Start of Block

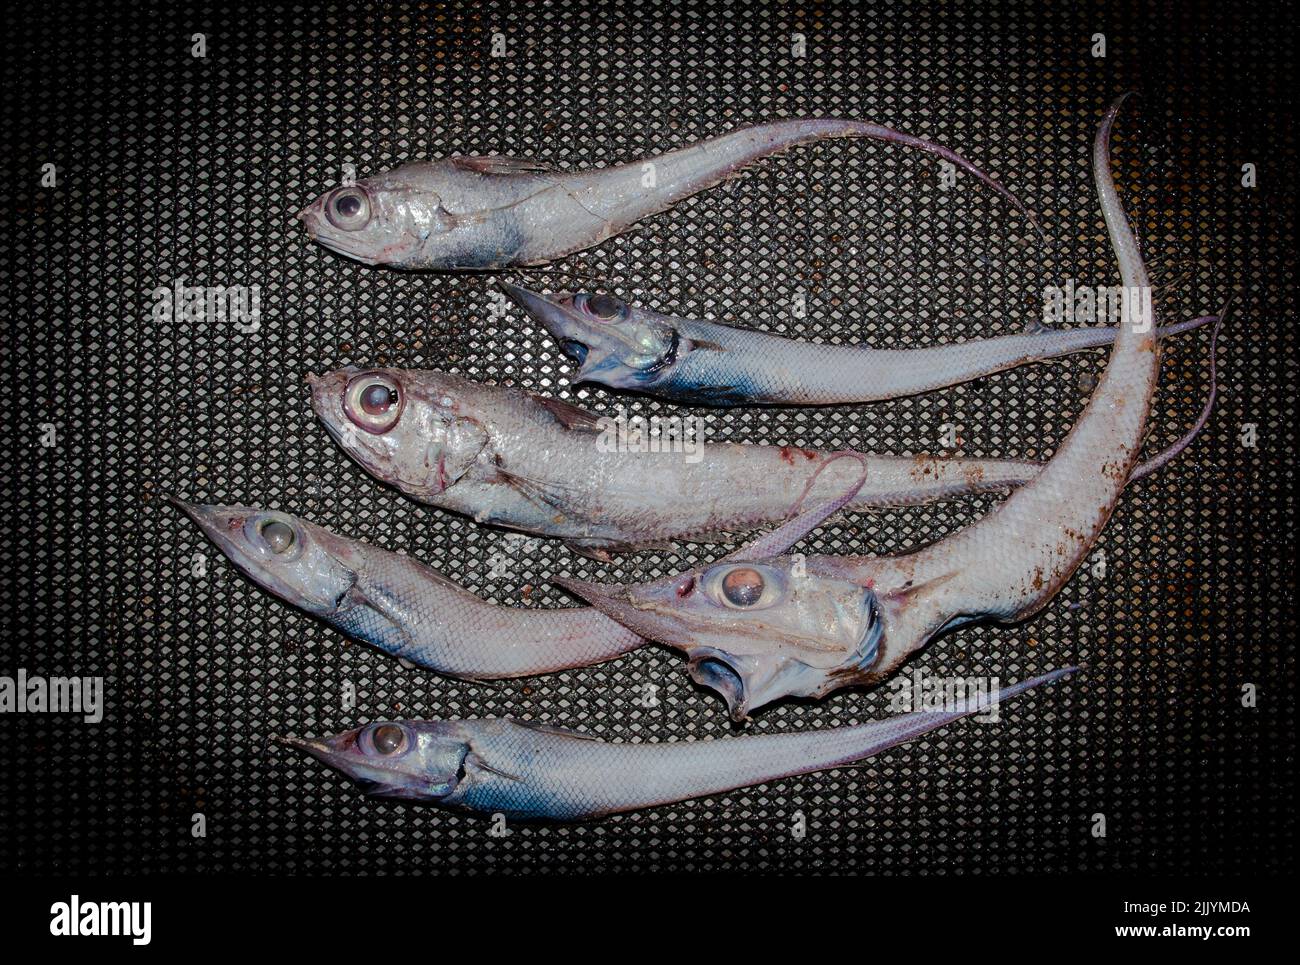 A Look at life in New Zealand: Freshly landed catch (Slickheads:  from a deep-sea trawl. Stock Photo
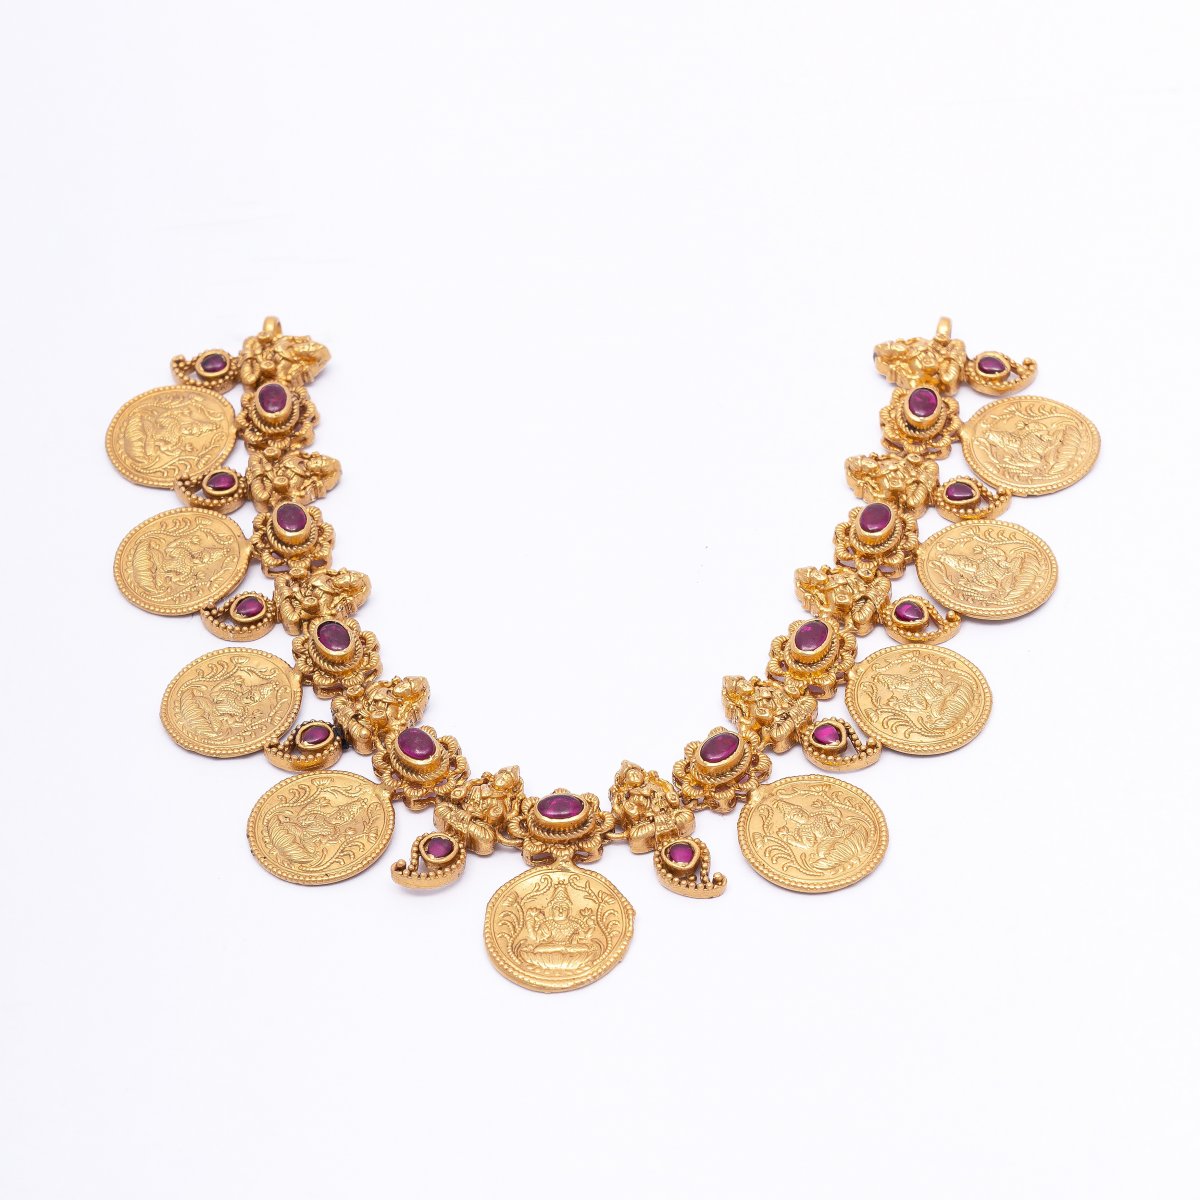 GOLD PLATED TRADITIONAL TEMPLE JEWELLERY LAXMI TEMPLE COIN NECKLACE 
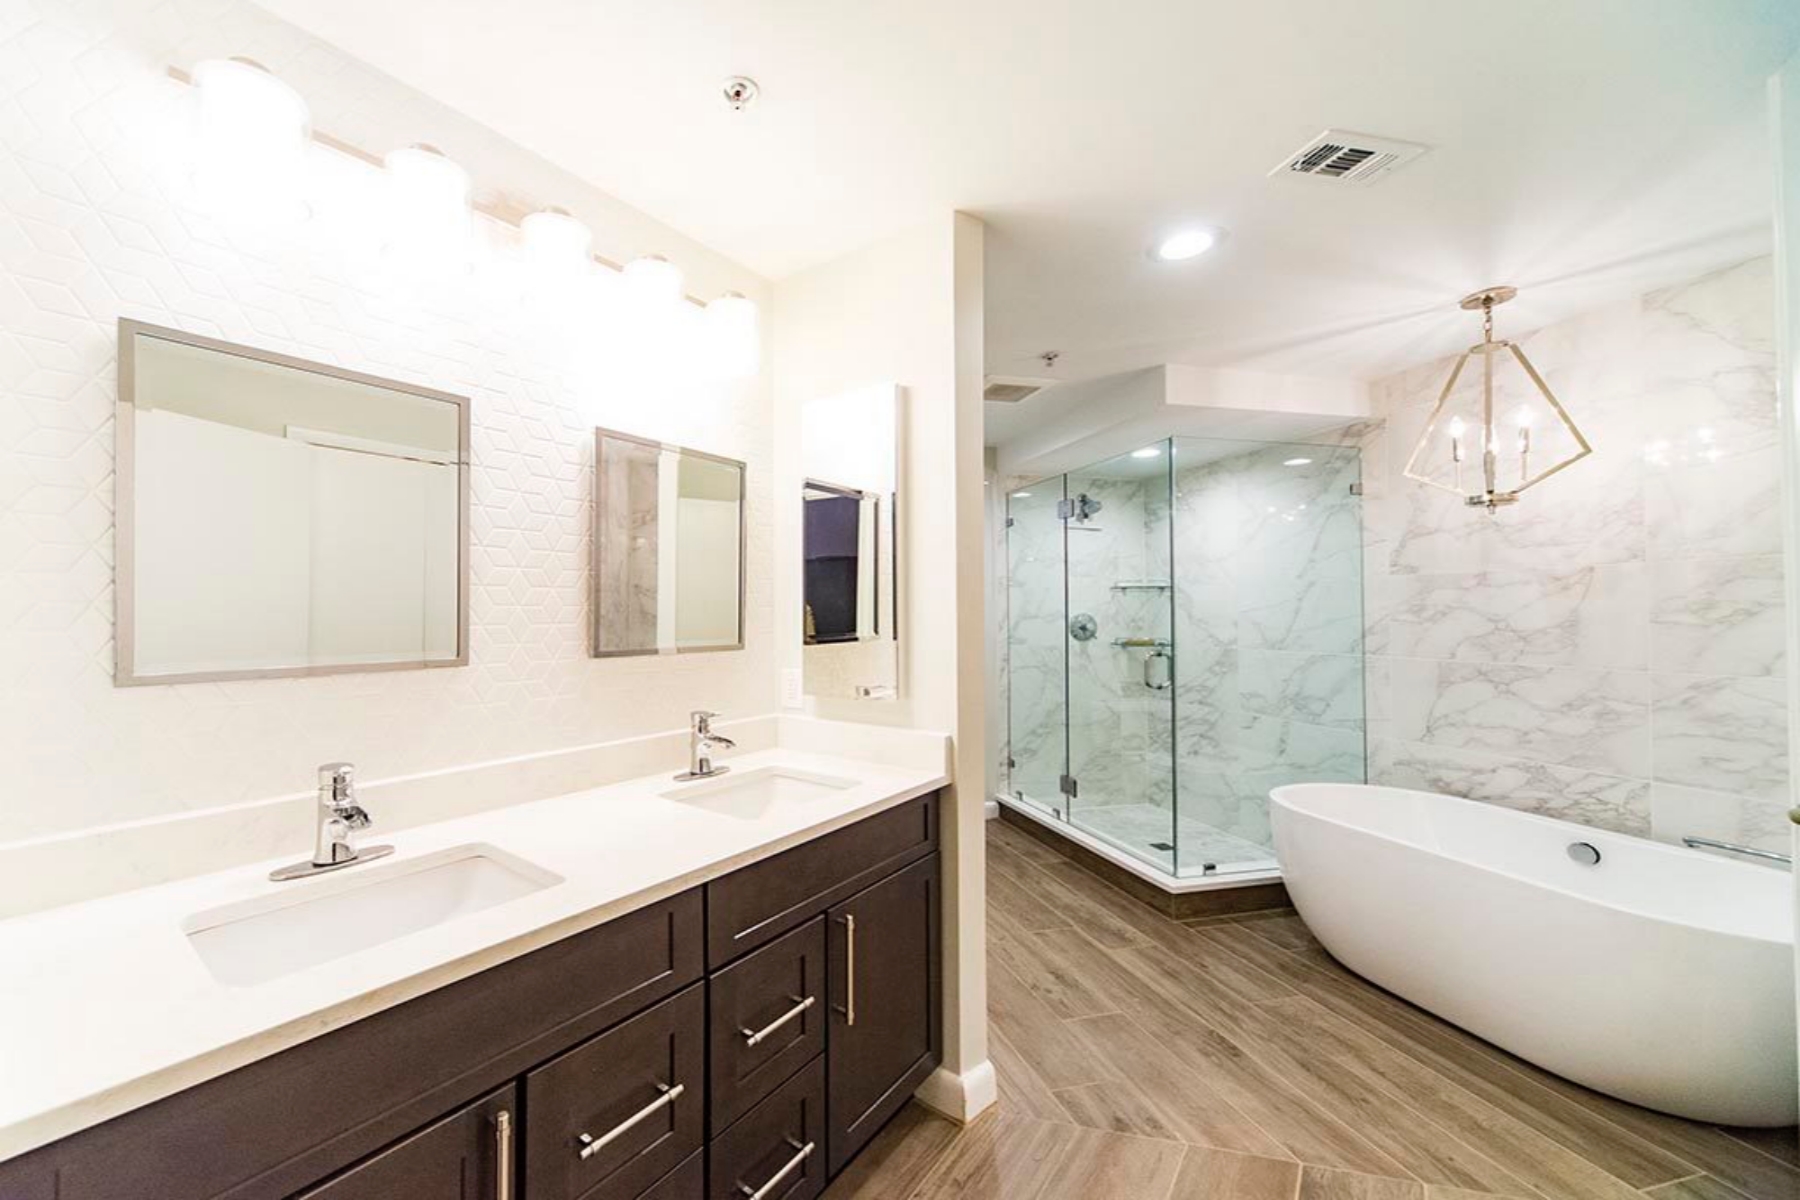 Improvements to Consider for Your Next Bathroom Remodel

End of Block

> _What is expected_:
Where a picture appears, omit it, and otherwise retype the material exactly.

> _Finished task_:
 A Look at life in New Zealand: Freshly landed catch (Slickheads:  from a deep-sea trawl. Stock Photo
 GOLD PLATED TRADITIONAL TEMPLE JEWELLERY LAXMI TEMPLE COIN NECKLACE 
 Improvements to Consider for Your Next Bathroom Remodel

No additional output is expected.